You also can move files with the "mv" command. As with "cp", "mv" takes the original file as the first argument and the new location as the second. Also like "cp", if the second argument is a file name, it will rename the file to that.
$ mv original_location new_location
The overwriting, or "clobbering," rule of "cp" applies to "mv", too.
Off You Go
These are just the basics, but knowing them is sufficient for you to explore the system. One key to success in learning computers is to realize that it doesn't require learning every minute detail, but rather learning how to learn.
In that spirit, I want to leave you with a few resources for answering your own questions -- though you can certainly ask others, including me!
If you want to examine what's in a file without accidentally messing it up, run "less" with the file as an argument.
$ less filename
This opens it with a viewer, which prevents you from editing, giving you free rein to scroll through at your leisure.
If you're not sure what kind of file something is, run "file" on it (again, with the file as the argument).
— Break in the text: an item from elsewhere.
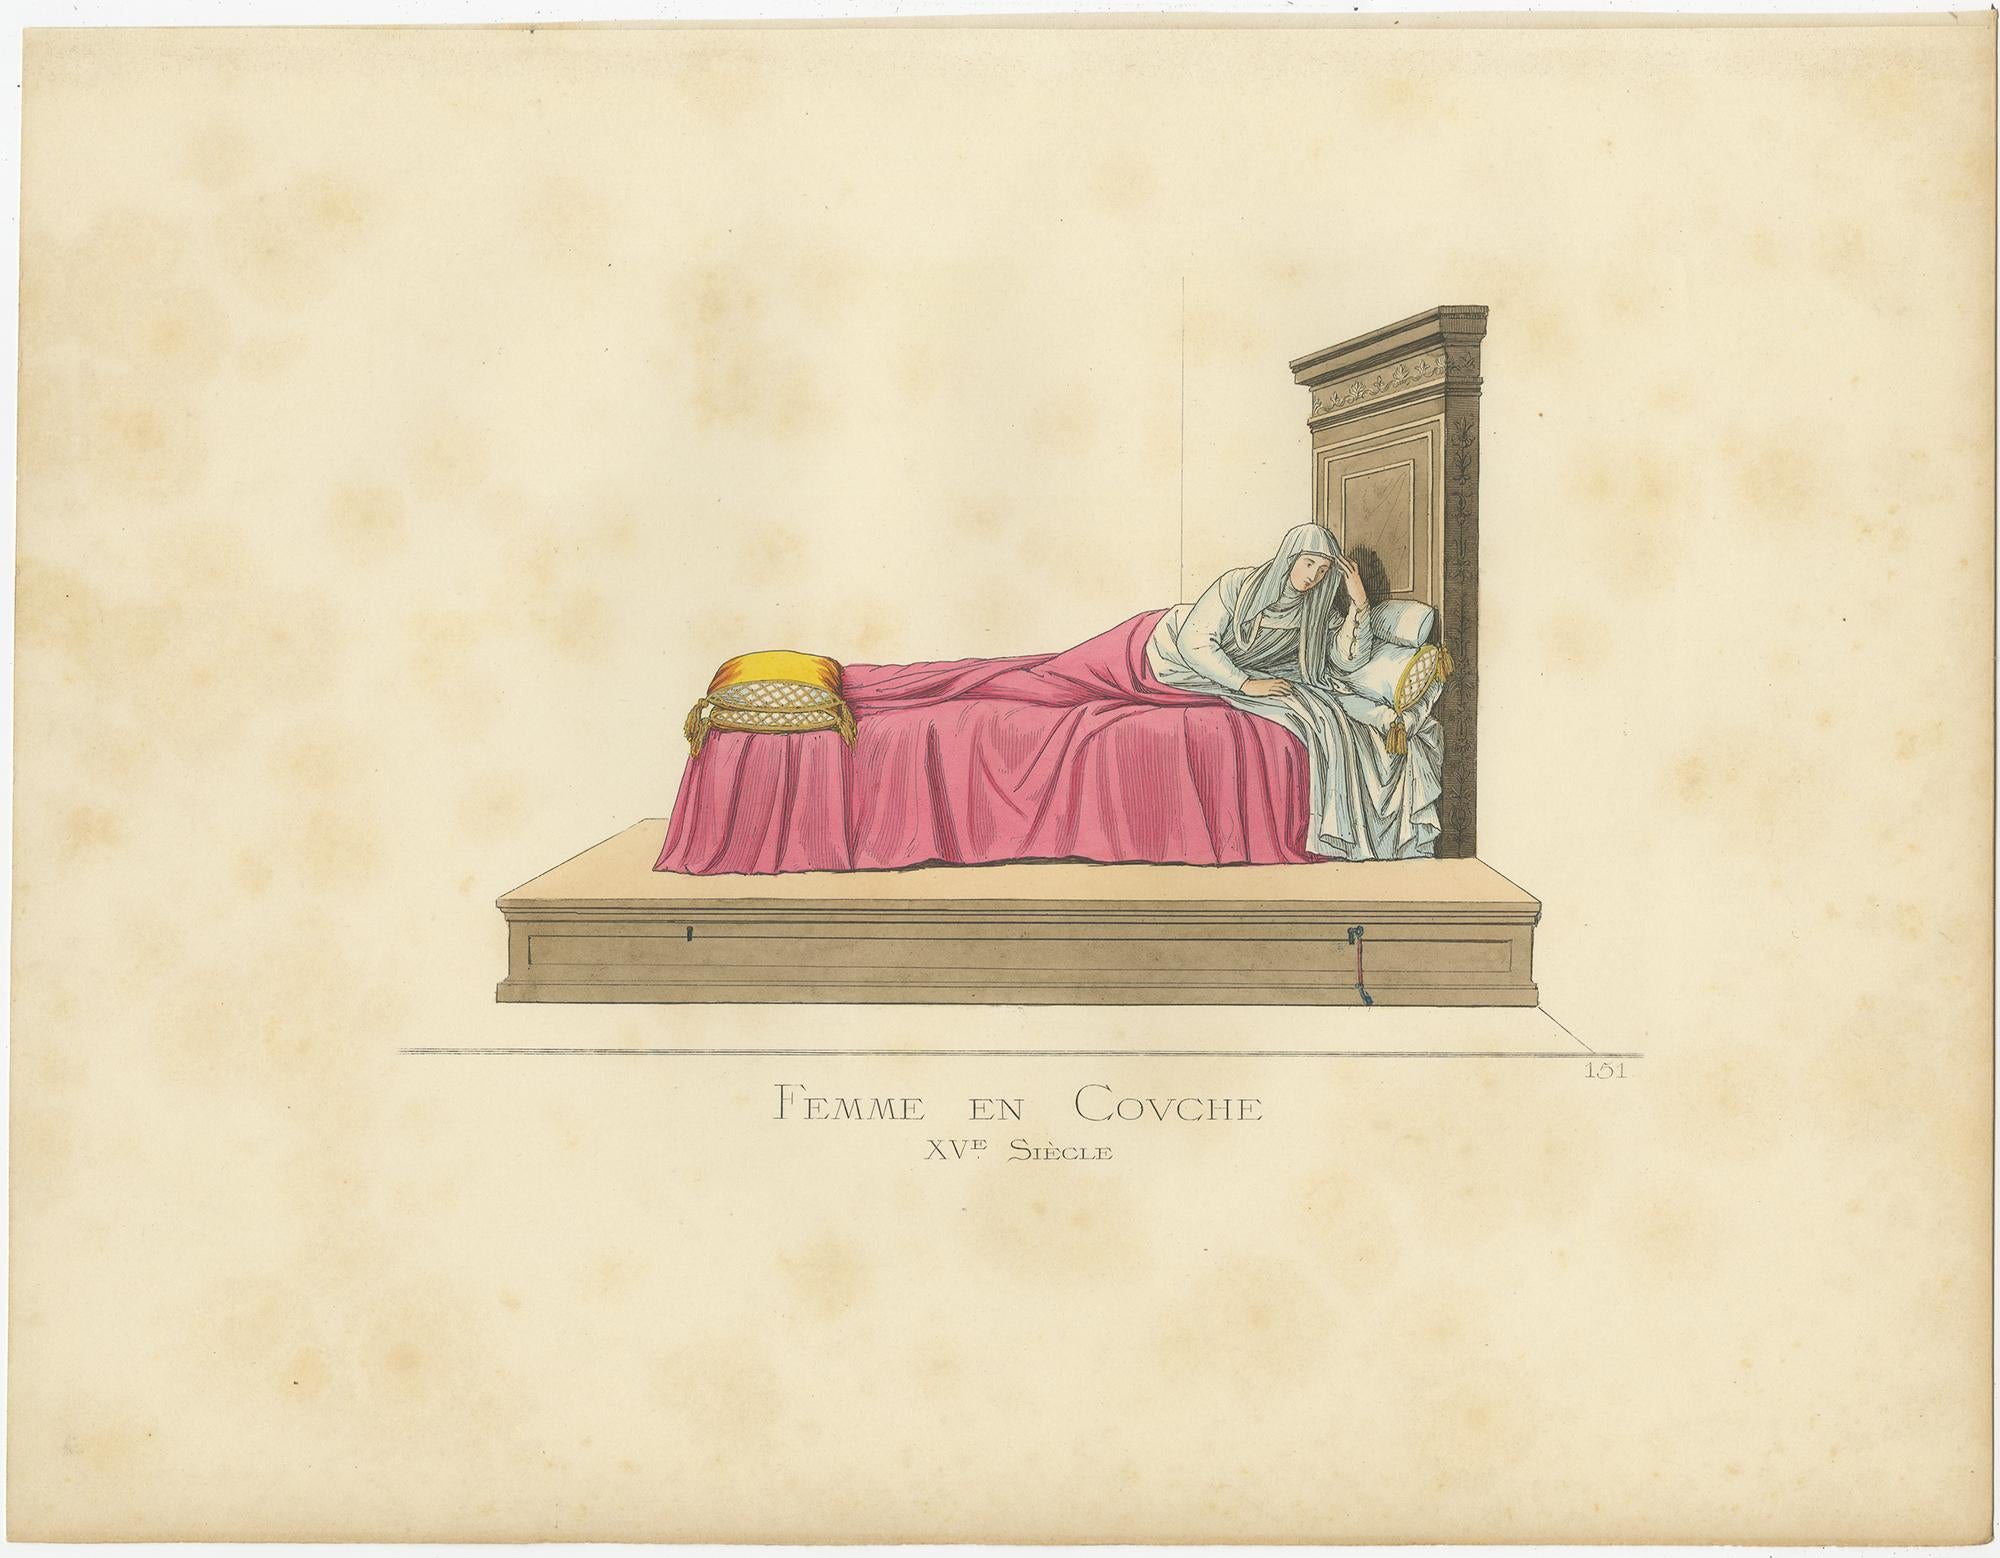 Antique print titled ‘Femme en Couche, XVe Siecle.’ Original antique print of a woman in bed, Italy 15th century. This print originates from 'costumes historiques de femmes du XIII, XIV et XV siècle' by C. Bonnard. Published, 1860.

To get an idea of what command might be useful in a certain situation, you can run "apropos" with a keyword and you'll receive a list of relevant programs.
$ apropos keyword
If you want to get a sense of what a command does, along with a reference sheet for the options and arguments a command can take, you can run "man" (for "manual") followed by the command name.
$ man command_name
In future installments, I plan to demonstrate some of the terminal's more advanced capabilities, but if you're looking to supplement this introduction, I recommend checking out "The Linux Command Line," a free PDF by William Shotts.
Another good resources is the beginner Linux video series "Linux Terminal -- Getting Started!" by hak5.
This should be more than enough to keep even the most ambitious of you busy until my next installment appears. Until then, happy terminal testing!
Editor's Note - March 13, 2017: The original published version of this article did not include code snippet examples. Author Jonathan Terrasi added them in response to reader durandaltheta's helpful suggestion.